HARRISBURG, Pa.  — Voters next month will decide who should be Pennsylvania’s highest-ranking law enforcement official and oversee an agency with about 250 lawyers and a budget approaching $190 million.

They’ll pick a state treasurer, a job that handles billions of dollars in public funds and plays a critical role in financing government.

And they will choose who will be the state’s next auditor general, a position charged with uncovering governmental waste and wrongdoing.

Two of the three Democrats currently serving as statewide row officers, Attorney General Josh Shapiro and Treasurer Joe Torsella, are seeking reelection. Both are under fire from challengers for what they consider to be the incumbents’ distracting ambition for 2022 races for governor and U.S. Senate.

The third job is open because Auditor General Eugene DePasquale is term-limited and running for a Harrisburg-area congressional seat.

Voters may overlook the row offices, with legislative and congressional races devouring whatever attention isn’t absorbed by the presidential race. But the attorney general, auditor general and treasurer often end up in the middle of Capitol policy debates, and the jobs can be a springboard to higher office.

Heather Heidelbaugh, a lawyer from Mount Lebanon and former Allegheny County Council member, received the Republican nomination to take on Shapiro after running unopposed in the primary.

Heidelbaugh, 61, has described Shapiro as lacking experience as a courtroom lawyer and an attorney general who has chased headlines to feed his political ambition.

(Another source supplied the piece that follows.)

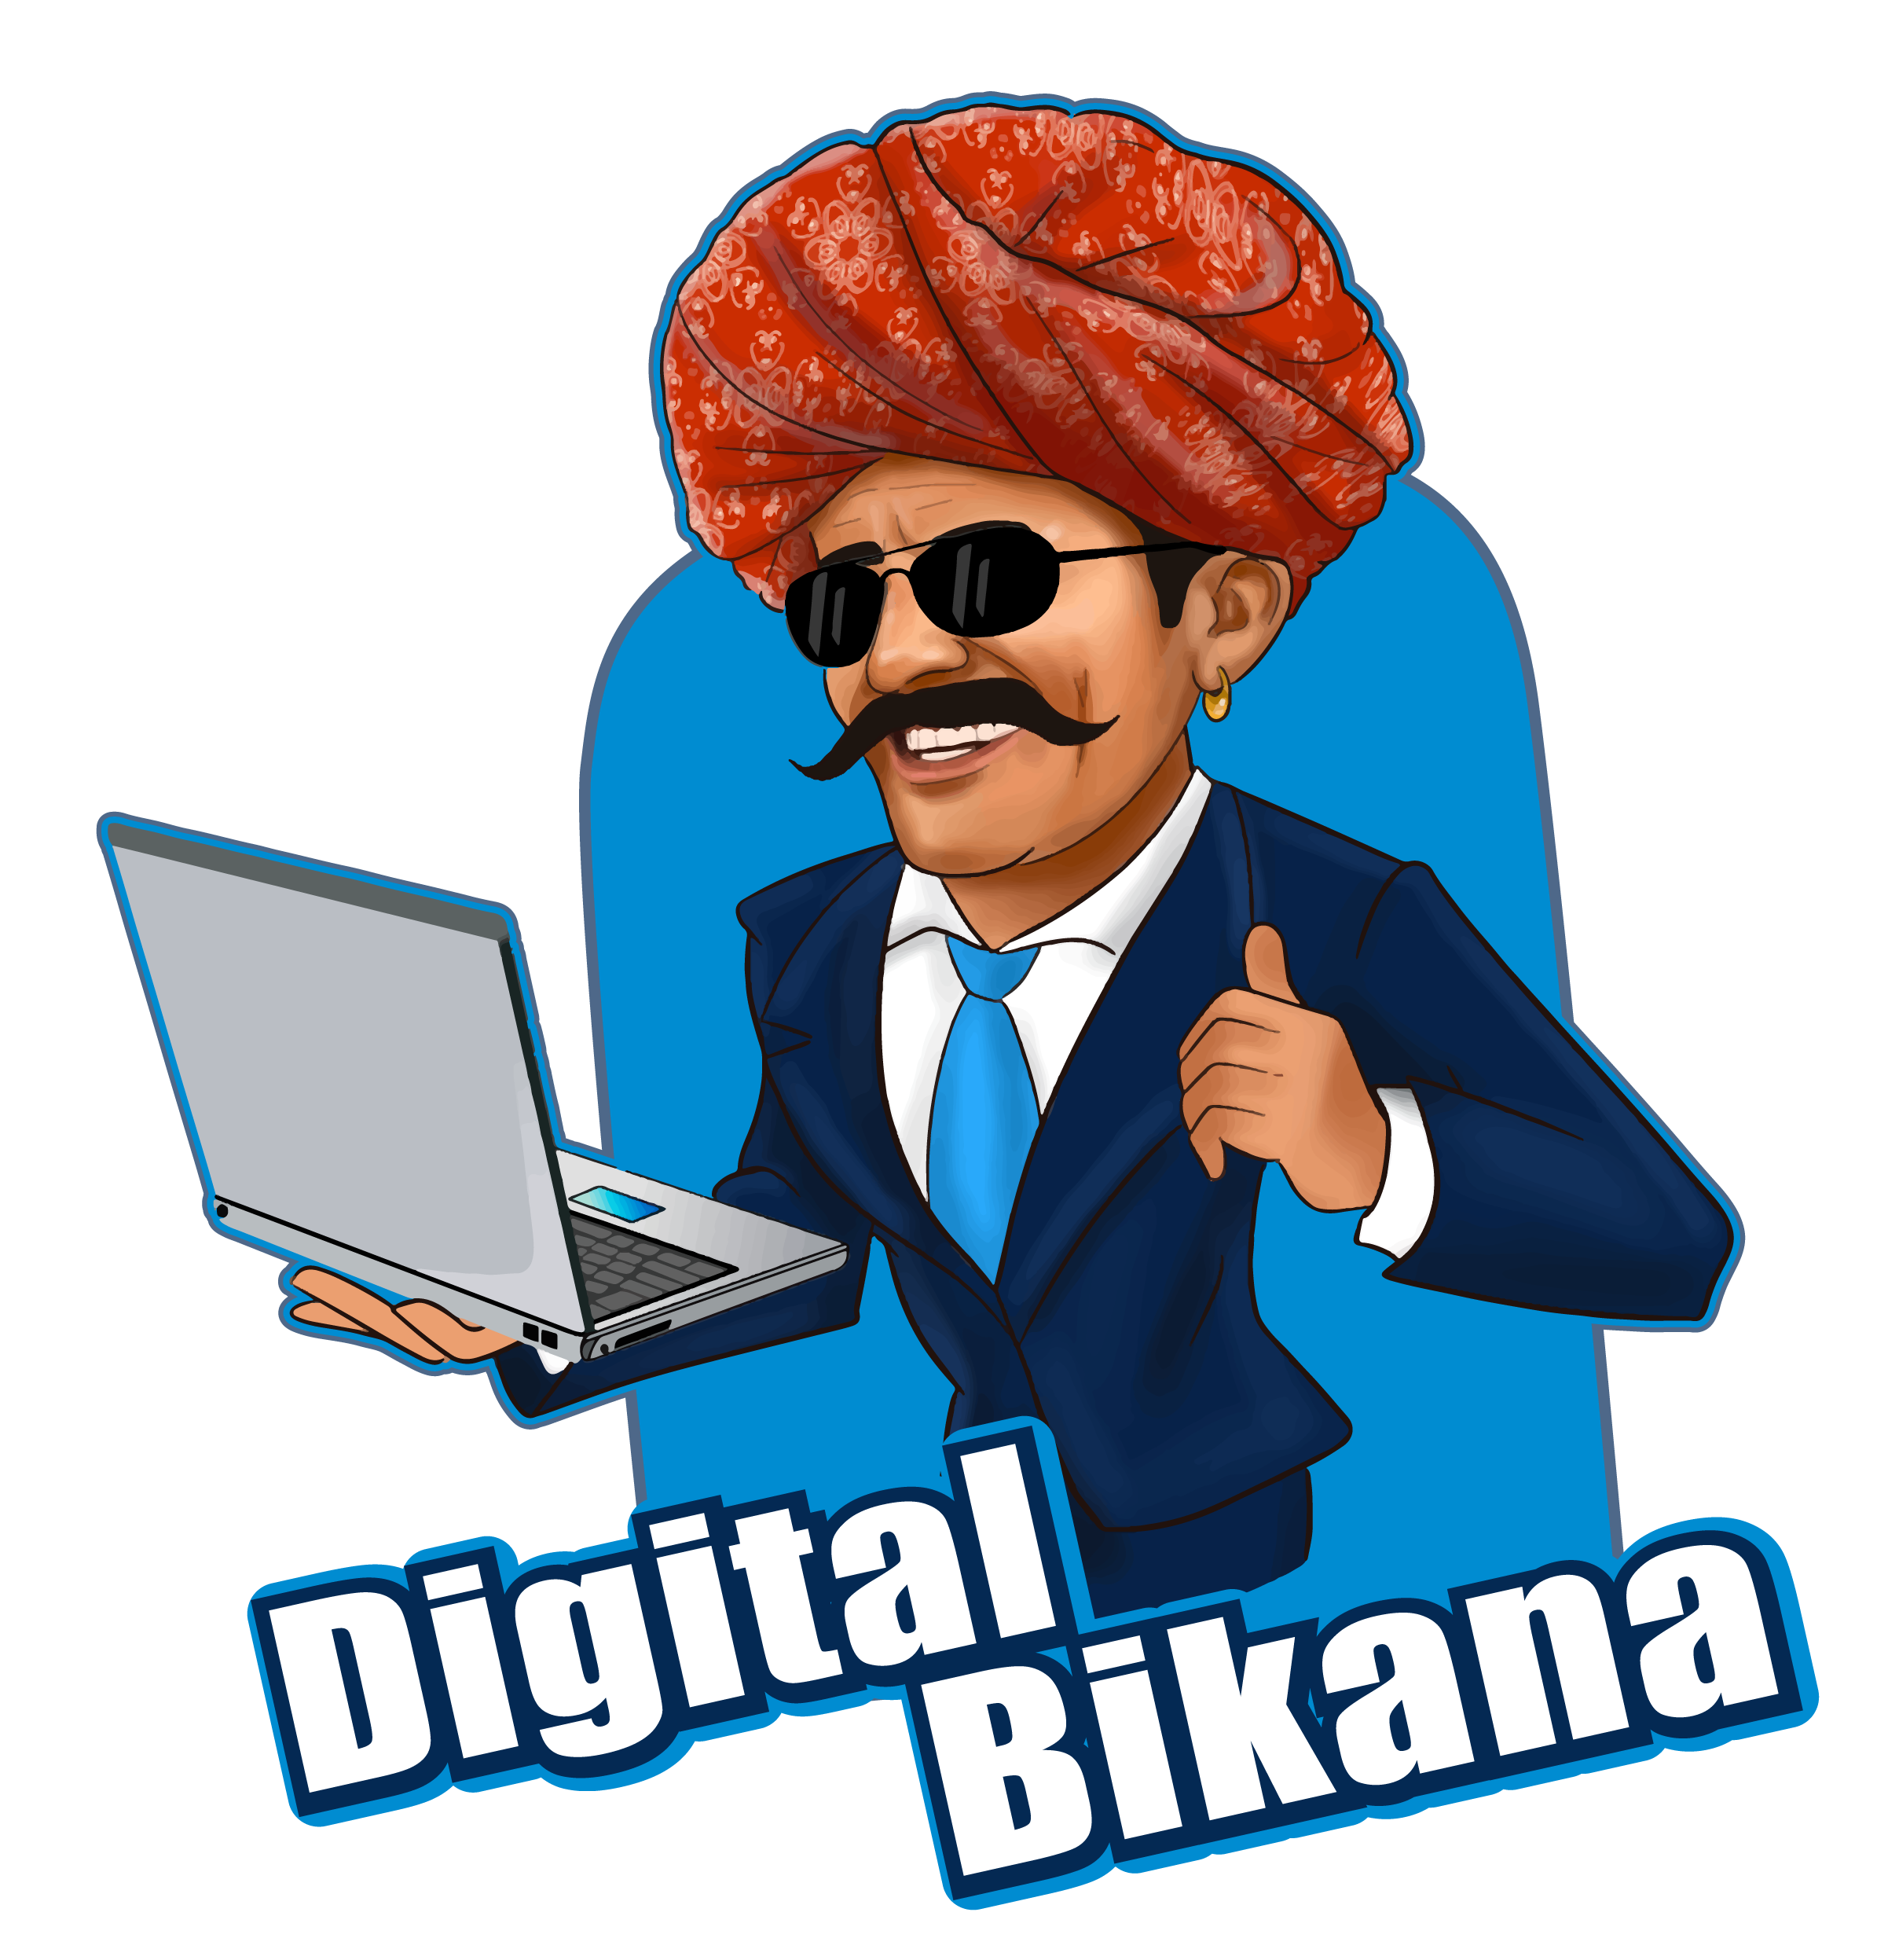 Digital marketing course in Bikaner
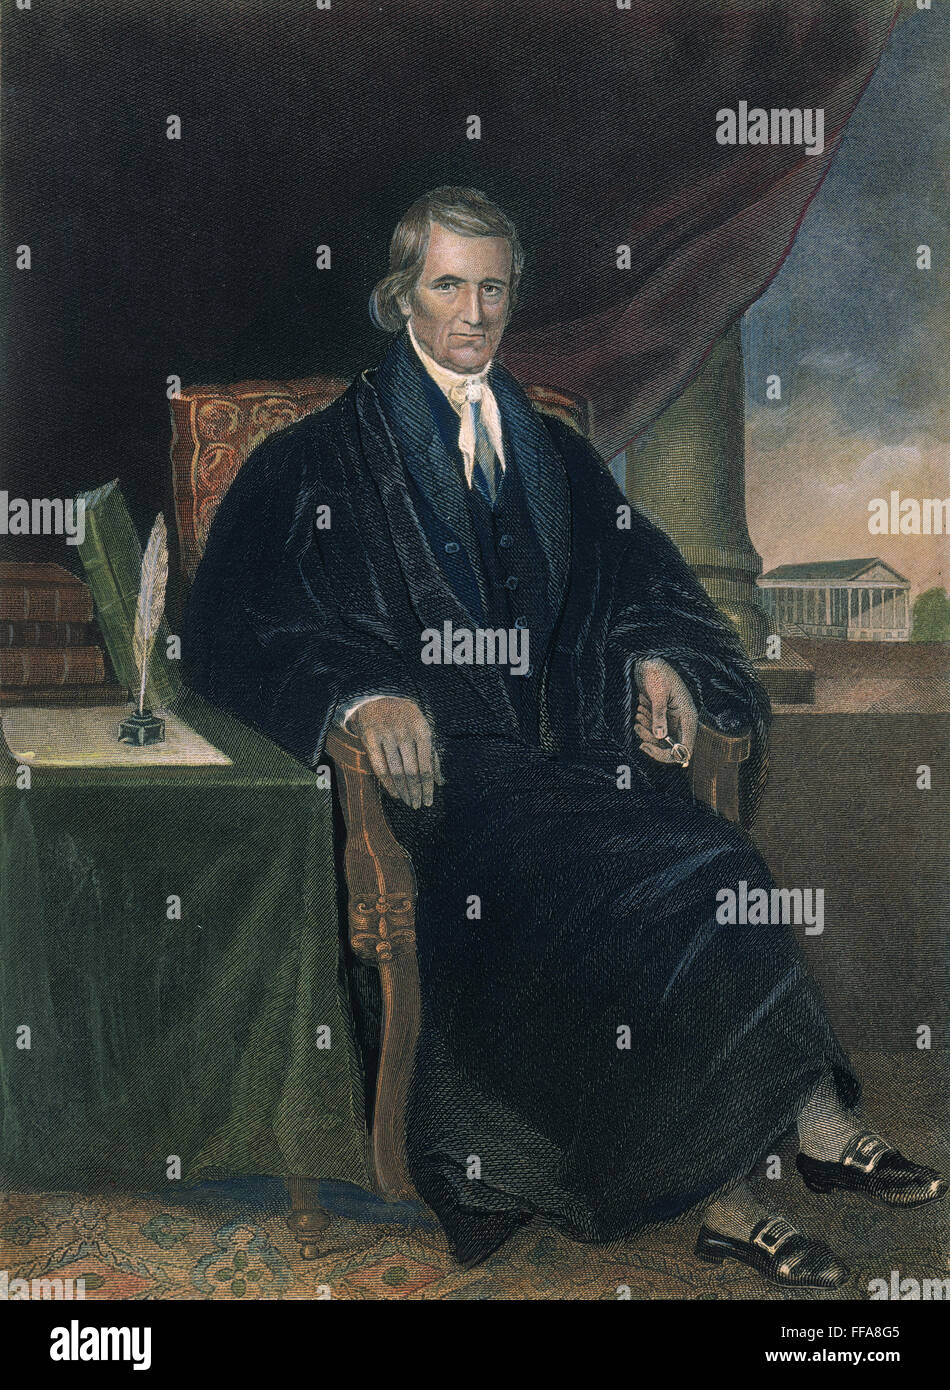 JOHN MARSHALL (1755-1835). /NChief Justicia de la Corte Suprema de los Estados Unidos, 1801-1835. Grabado en color, del siglo XIX. Foto de stock

She cites his recent and repeated publication of coronavirus-related price gouging cases.

“It’s not a stepping stone, it’s a destination,” she said of the job in a campaign video.

On what Heidelbaugh calls her top priority, criminal prosecutions, she hopes to start her term by convening a meeting of county district attorneys to help determine the best direction in the fight against opioids and methamphetamine.

Her campaign’s television advertising has linked Shapiro to murder rates in Philadelphia and statewide and she says she wants the office to exercise its authority to take over more gun prosecutions in Philadelphia.

Shapiro, 47, a resident of Abington, is a former state lawmaker and Montgomery County commissioner who’s seeking a second term.

He took over following the debacle that was Democrat Kathleen Kane’s term in office. Kane resigned in the fourth year of her term after being convicted of fraud and later served jail time.

Shapiro says he’s rebuilt the agency with “a track record of accomplishments” and boasts of being the state’s “most progressive and effective” attorney general.

Shapiro oversaw the investigation that culminated in the August 2018 release of a grand jury report that found about 300 Roman Catholic priests in Pennsylvania had sexually abused children for seven decades, and that their higher-ups helped cover it up.

Heidelbaugh criticized Shapiro’s handling of the report, saying the incumbent should not have made public details in the report about criminal conduct that was not the subject of criminal charges.

“In this case, when you have a horrific factual situation, it’s easy for the public to concentrate on the horror of the nature of the allegations and to concentrate less on the constitutional due process rights of the accused,” she said.

Shapiro said such reports are lawful in Pennsylvania and he would have charged more of the priests, but the statute of limitations in place at the time prevented it.

The priest abuse investigation has featured prominently in Shapiro’s campaign messaging, along with his role in brokering a deal that resolved a major dispute between western Pennsylvania health care insurers.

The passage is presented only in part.